§ **INSTRUCTIONS TO FOLLOW**:
Restate every record word for word, without the pictures.

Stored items
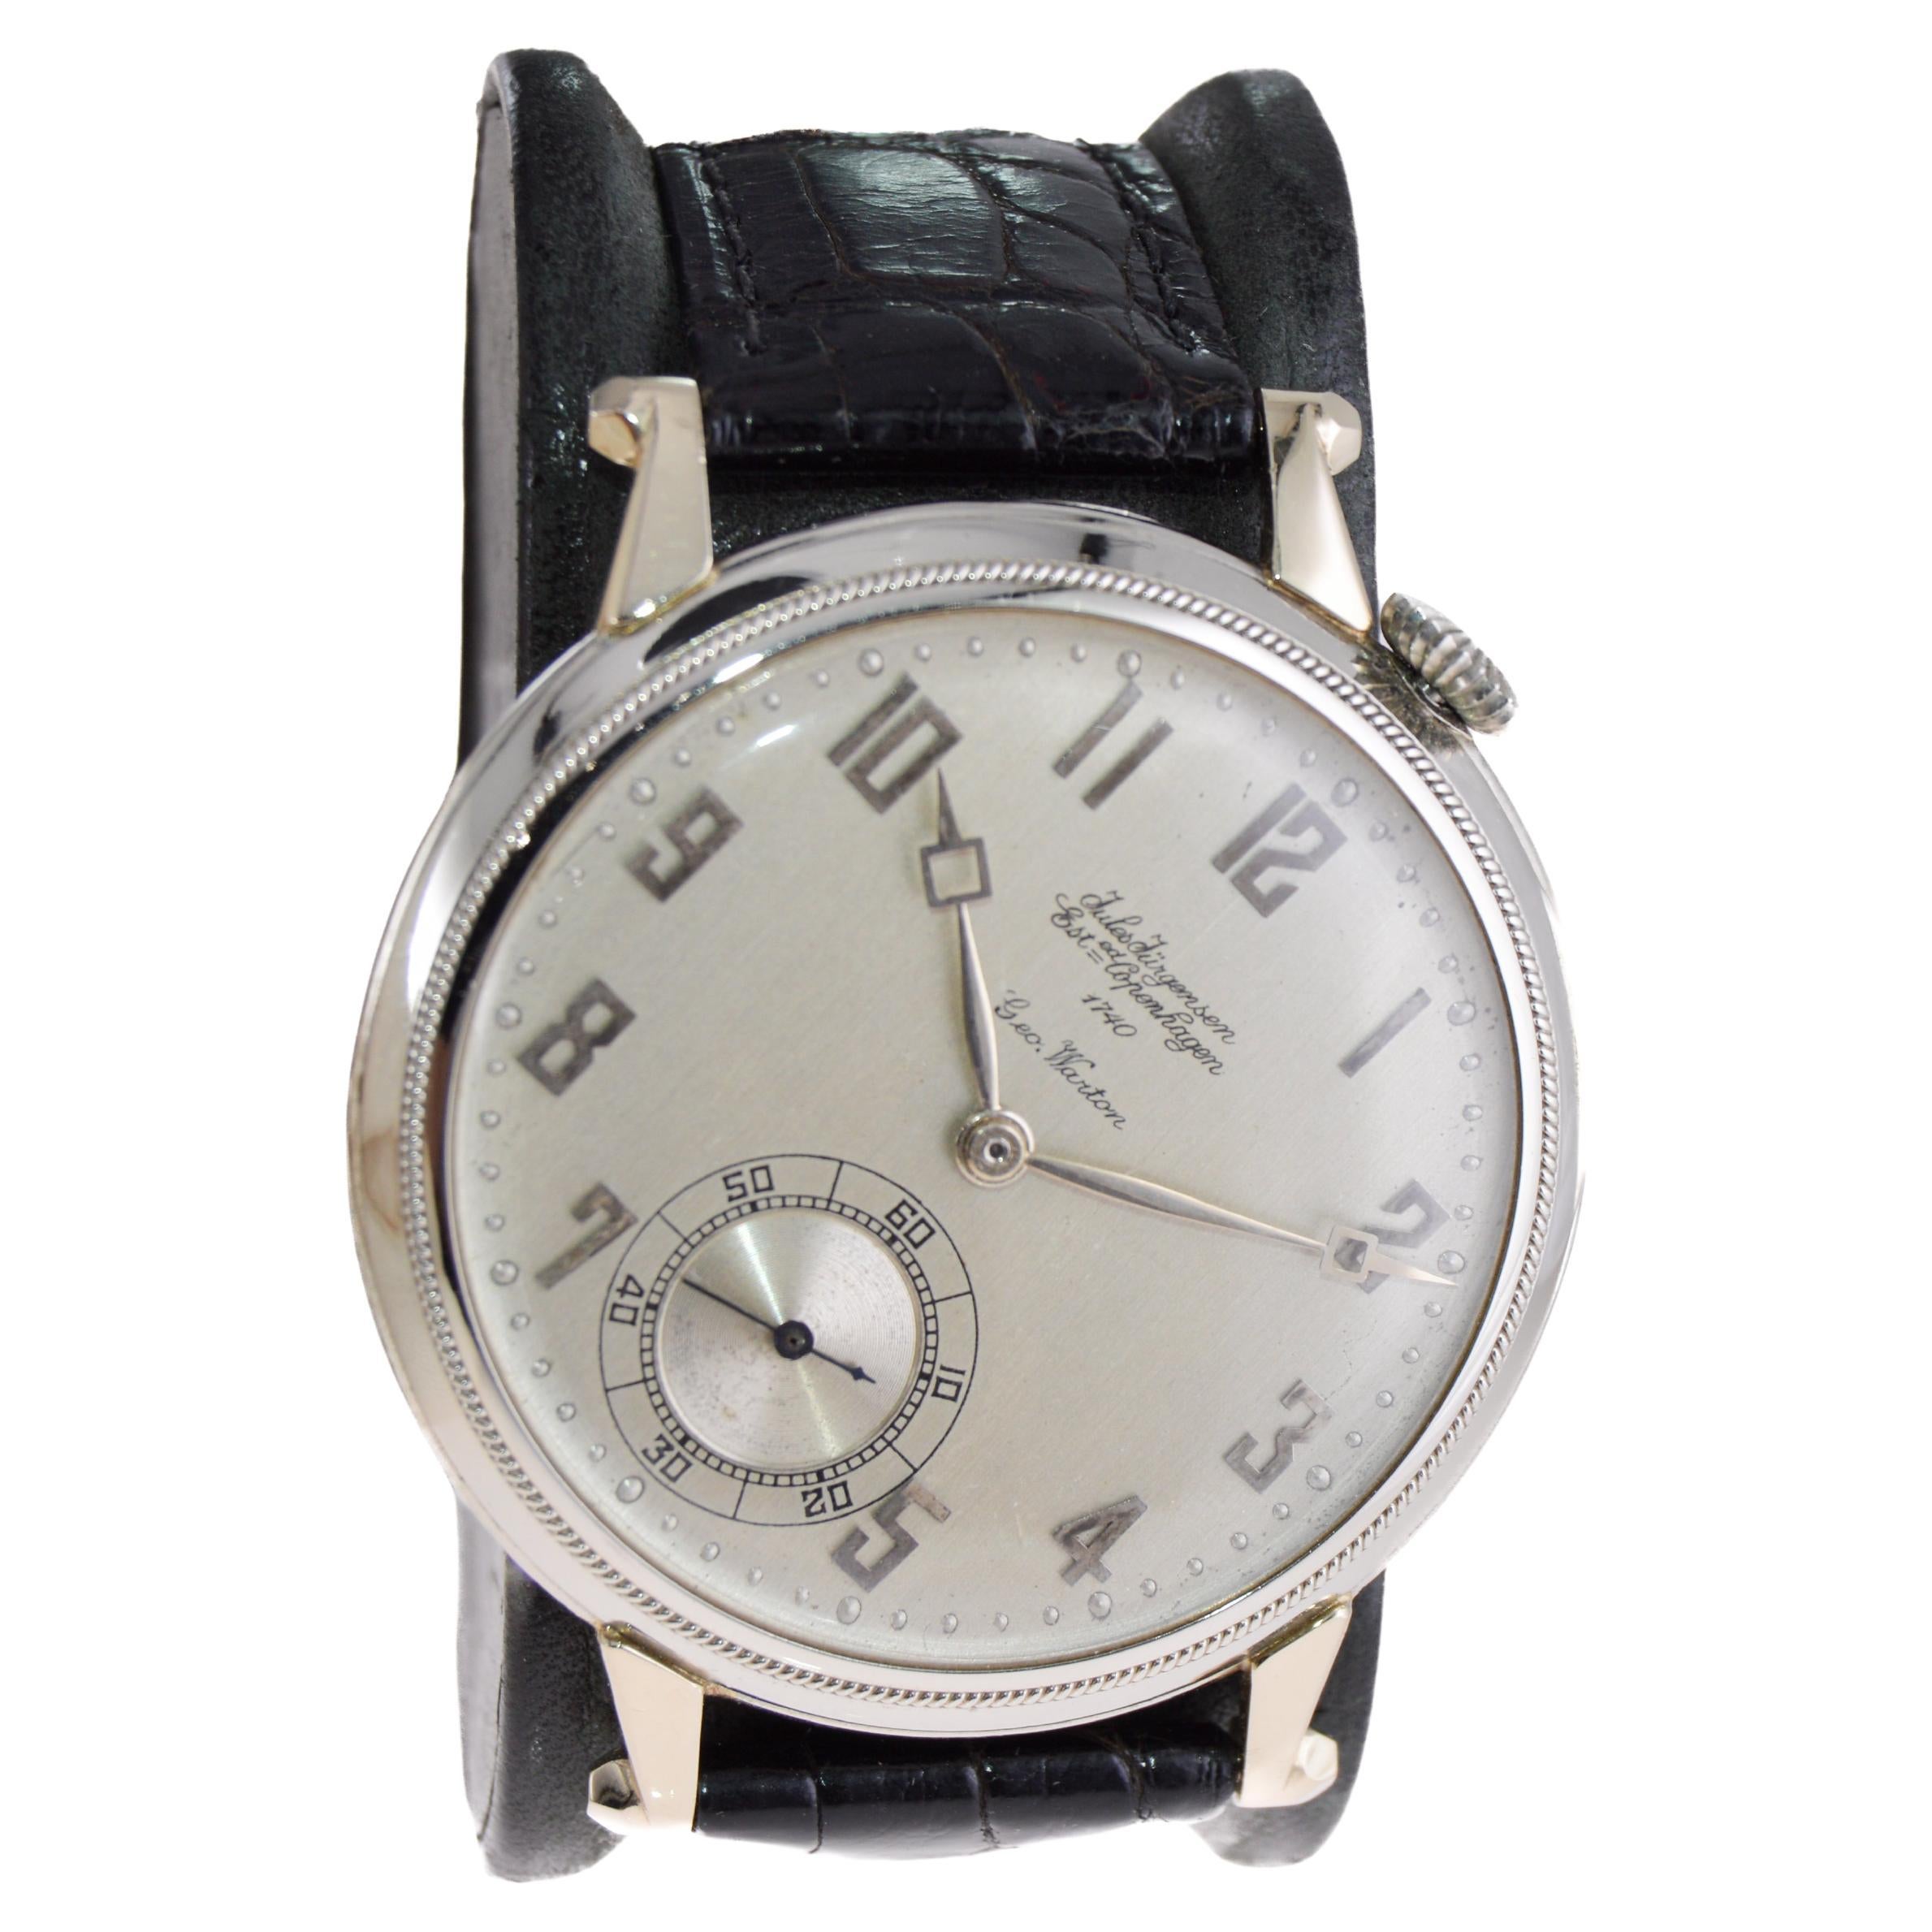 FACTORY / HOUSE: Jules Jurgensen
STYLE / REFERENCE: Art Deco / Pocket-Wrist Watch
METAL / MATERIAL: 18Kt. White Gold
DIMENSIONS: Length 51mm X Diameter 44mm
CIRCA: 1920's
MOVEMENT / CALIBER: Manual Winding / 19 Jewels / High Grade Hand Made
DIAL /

§ **EXERCISE SOLUTION**:
 FACTORY / HOUSE: Jules Jurgensen
STYLE / REFERENCE: Art Deco / Pocket-Wrist Watch
METAL / MATERIAL: 18Kt. White Gold
DIMENSIONS: Length 51mm X Diameter 44mm
CIRCA: 1920's
MOVEMENT / CALIBER: Manual Winding / 19 Jewels / High Grade Hand Made
DIAL /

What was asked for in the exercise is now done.